A Short List of Important Research Papers to Understand LLM

A Short List of Important Research Papers to Understand LLM

Large Language Models (LLMs) - transformers - have revolutionised NLP and beyond. Their impact spans computer vision, computational biology, and more, showcasing the tech's versatility.

These models have advanced beyond simple chatbots, aiding in understanding complex protein structures and enhancing image recognition. Here’s a curated, chronological list of crucial papers for understanding LLMs/transformers, each with a brief why-it's-important note.
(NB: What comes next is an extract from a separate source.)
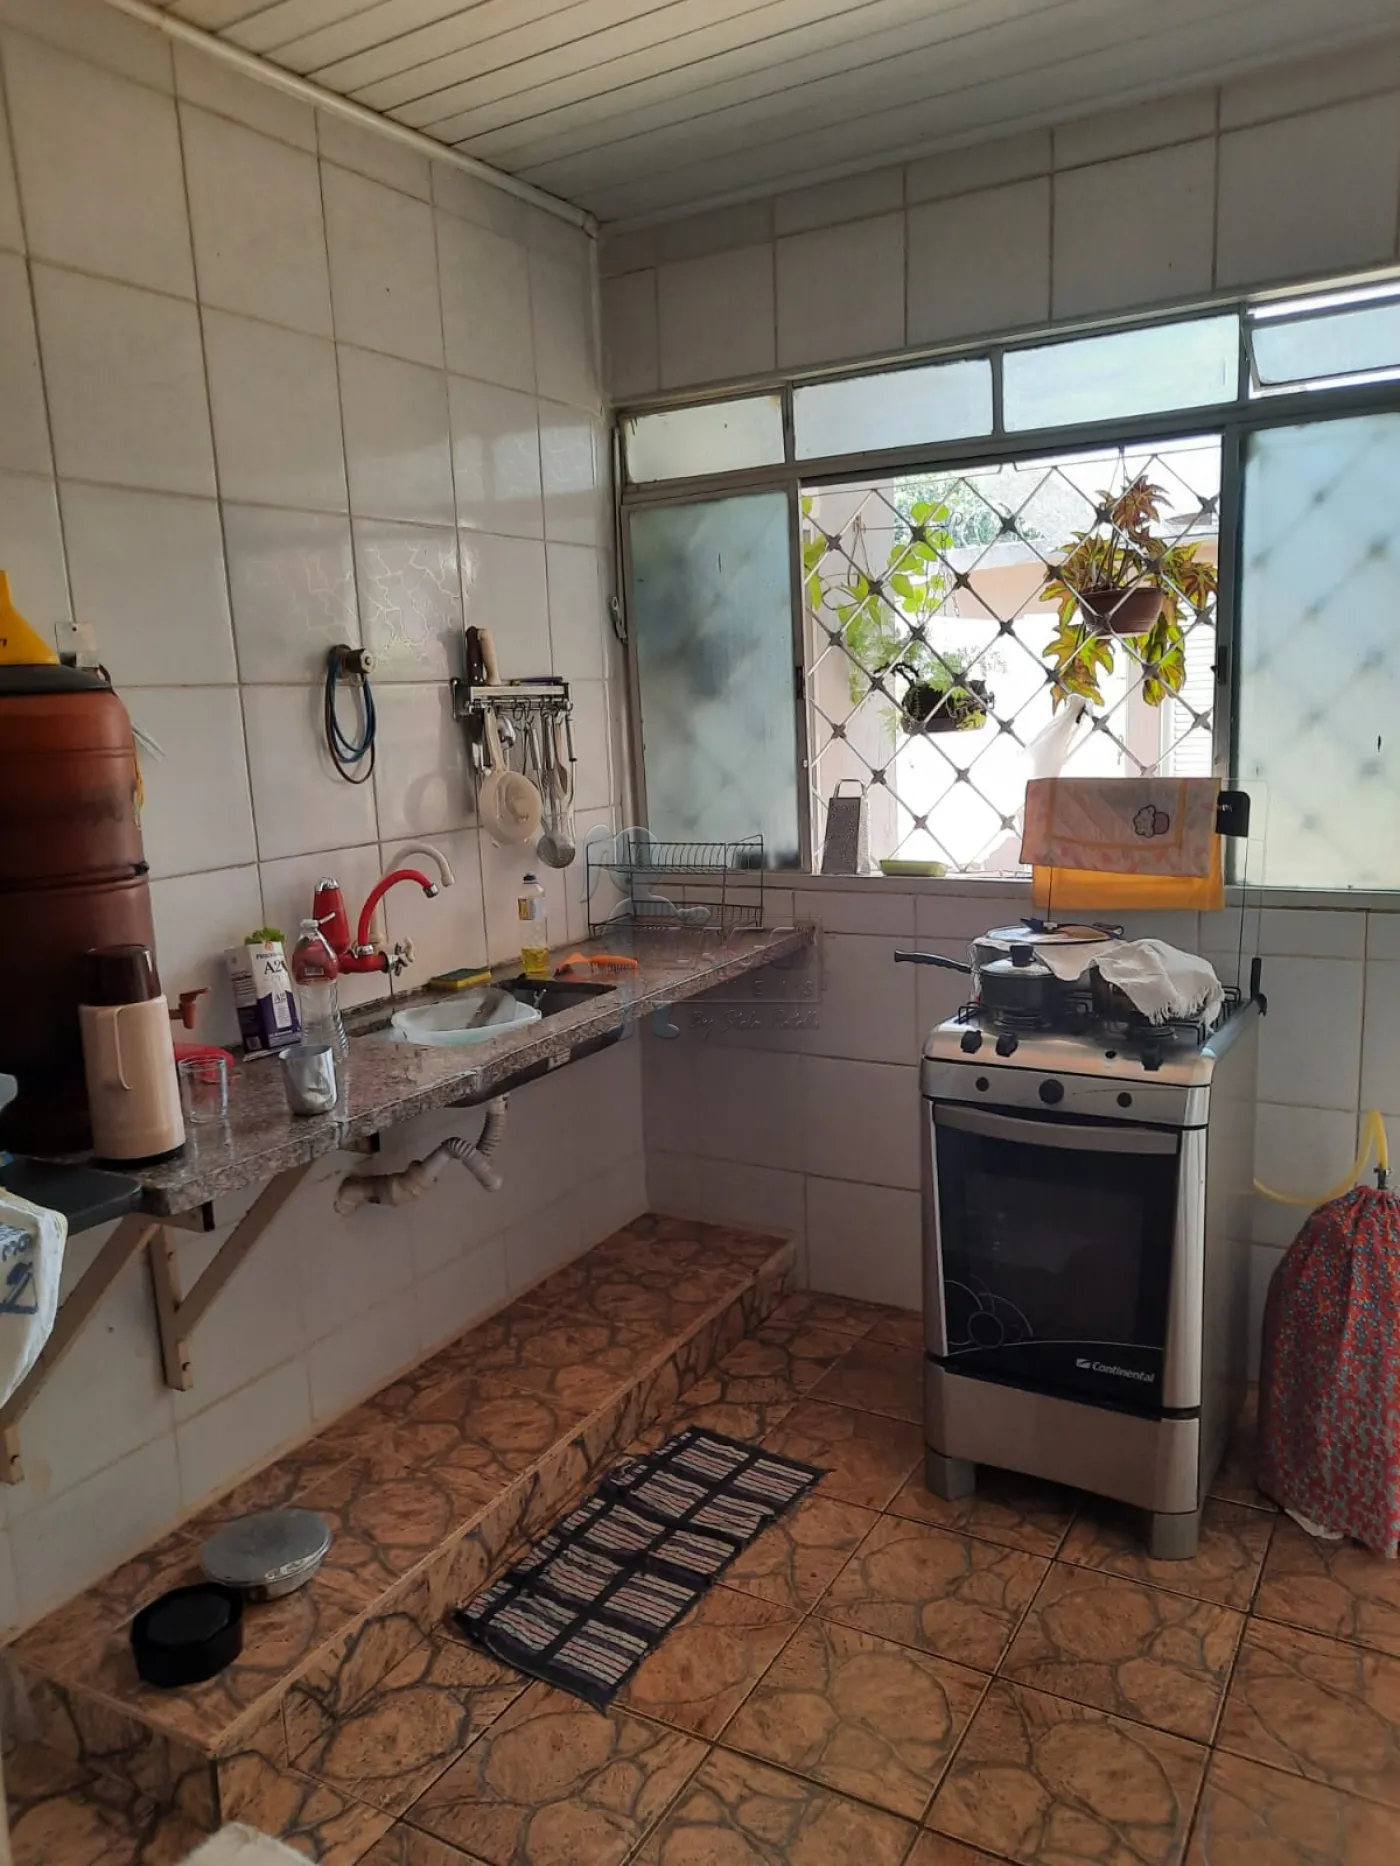 Comprar Casas / Padrão em Ribeirão Preto R$ 300.000,00 - Foto 28

  1. Neural Machine Translation by Jointly Learning to Align and Translate (2014)
    By Bahdanau, et al.

    • Introduced attention mechanisms, changing sequential data processing.
  2. Attention Is All You Need (2017)
    By Vaswani, et al.

    • Laid the groundwork for transformer models, revolutionising NLP.
  3. Universal Language Model Fine-tuning for Text Classification (2018)
    By Howard, et al.

    • Introduced effective transfer learning techniques for NLP tasks.
  4. BERT: Pre-training of Deep Bidirectional Transformers for Language Understanding (2018)
    By Devlin, et al.

    • Revolutionised contextual word embeddings, improving language understanding benchmarks.
  5. Improving Language Understanding by Generative Pre-Training (2018)
    By Radford, et al.

    • Demonstrated the power of generative pre-training for language understanding.
  6. BART: Denoising Sequence-to-Sequence Pre-training for Natural Language Generation, Translation, and Comprehension (2019)
    By Lewis, et al.

    • Introduced BART, enhancing NLP tasks with denoising for pre-training.
  7. On Layer Normalization in the Transformer Architecture (2020)
    By Xiong, et al.

    • Explored layer normalisation's role in improving transformer models' stability and performance.
  8. Language Models are Few-Shot Learners (2020)
    By Brown, et al.

    • Showcased GPT-3's few-shot learning capabilities, setting new benchmarks for model versatility.
  9. Scaling Language Models: Methods, Analysis & Insights from Training Gopher (2022)
    By Rae, et al.

    • Discussed scaling challenges and solutions, providing insights from training the Gopher model.
  10. Harnessing the Power of LLMs in Practice: A Survey on ChatGPT and Beyond (2023)
    By Yang, et al.

    • Offers a comprehensive survey on applying LLMs like ChatGPT in various domains, highlighting practical implications and future potential.

This list represents a journey through the evolution of LLMs, highlighting key milestones that have shaped the current landscape of AI and NLP.